Cars -- and driving fast -- are a long-standing passion in Italy, home to Lamborghini, Maserati, Ducati and Ferrari, as well as the Fiat 500, not so speedy but as Italian as pasta.
But these days, as in many countries, speed cameras are as much a part of the driving experience -- and Fleximan's battle to take them down has touched a nerve.
Police on Thursday arrested a man in his 50s for allegedly destroying two speed cameras near the northern border with Switzerland in November.
But they admit he is not the "Fleximan" who has for months been operating across the north of Italy, from Veneto to Piedmont and Lombardy, vandalising dozens of radars.
Named after the popular "Flex" brand of tools, the saboteur has been caught on camera, hooded and sometimes with an accomplice, cutting down speed cameras with a circular saw.
A police spokesperson told AFP they were working "night and day" to find the culprit.
In the meantime, Fleximan has developed a cult following on social media, hailed by those who see speed cameras as a state-sponsored "racket" to raise funds.
Merchandise depicting the saboteur as a caped crusader is on sale online.
And in Padua, a mural has emerged portraying the activist as the yellow-clad assassin played by Uma Thurman in the Quentin Tarantino movie "Kill Bill", a sword in one hand, a speed camera in the other.
- Robin Hood -
But the families of road traffic victims have condemned the glorification of the saboteur, while critics point out that thousands of people die each year on Italy's roads.
Local councillors are torn between those who "refuse to let the criminals win" and those who tacitly seem to support the action.

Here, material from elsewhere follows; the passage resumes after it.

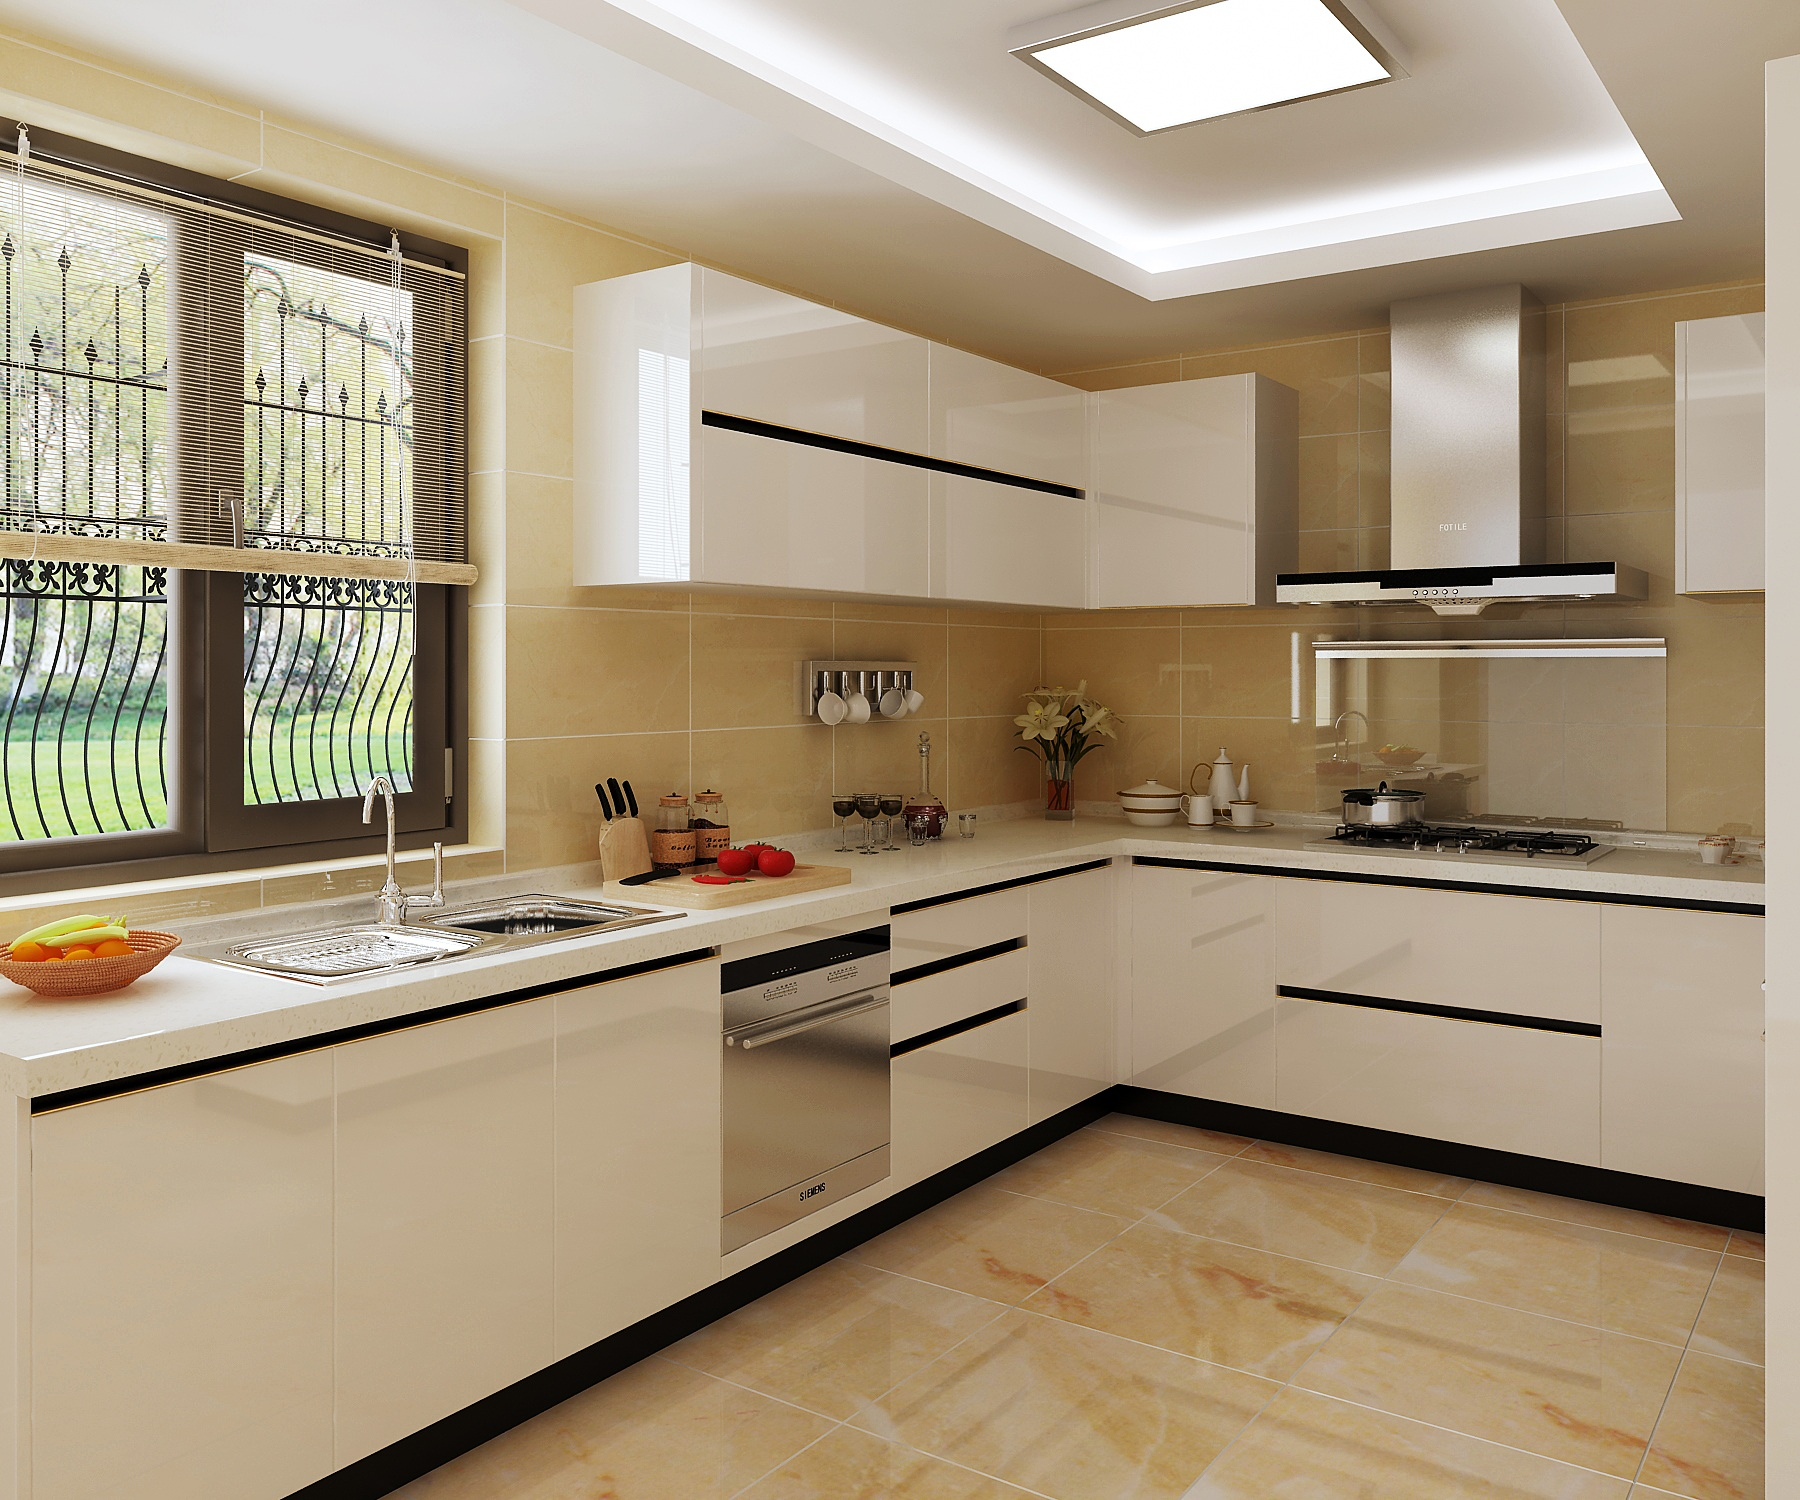 Kabinet Dapur Kayu Solid Cat Mobil Putih Sederhana Praktis Buy White Paint Kitchen Cabinet Solid Wood Kitchen Cabinet White Kitchen Cabinet Product On Alibaba Com

"I was already unconvinced and I decided not to replace (them)", said Marco Schiesaro, mayor of Cadoneghe in Veneto, of the speed cameras destroyed in his area.
Italy's right-wing newspaper Libero, which is close to Prime Minister Giorgia Meloni's hard-right government, has described the sabotage as an act of "resistance" against "bureaucrats and moralists", without explicitly condoning it.
But the best-selling Corriere della Sera, said that while "Robin Hood stole from the rich to give to the poor, Fleximan steals lives".
In 2022, 3,159 people died on Italy's roads, or 53 deaths per one million inhabitants, according to the European Commission -- above the average of 46 across the 27-nation bloc.
Some 15 percent of road accidents are caused by driver distraction, followed by failure to respect traffic lights (13.7 percent) and speed (9.3 percent), according to national statistics agency Istat.
The debate comes after a row broke out between Matteo Salvini, the deputy prime minister and transport minister, and Bologna after the city's left-wing authorities imposed a speed limit of 30 kilometres (48 miles) per hour.
Salvini dismissed the new limit as an "ideological choice" to help residents better hear the birds.
Road safety association Asaps noted in response that a pedestrian struck at 30 kph has between 80 and 90 percent more chances of survival than at 50 kph.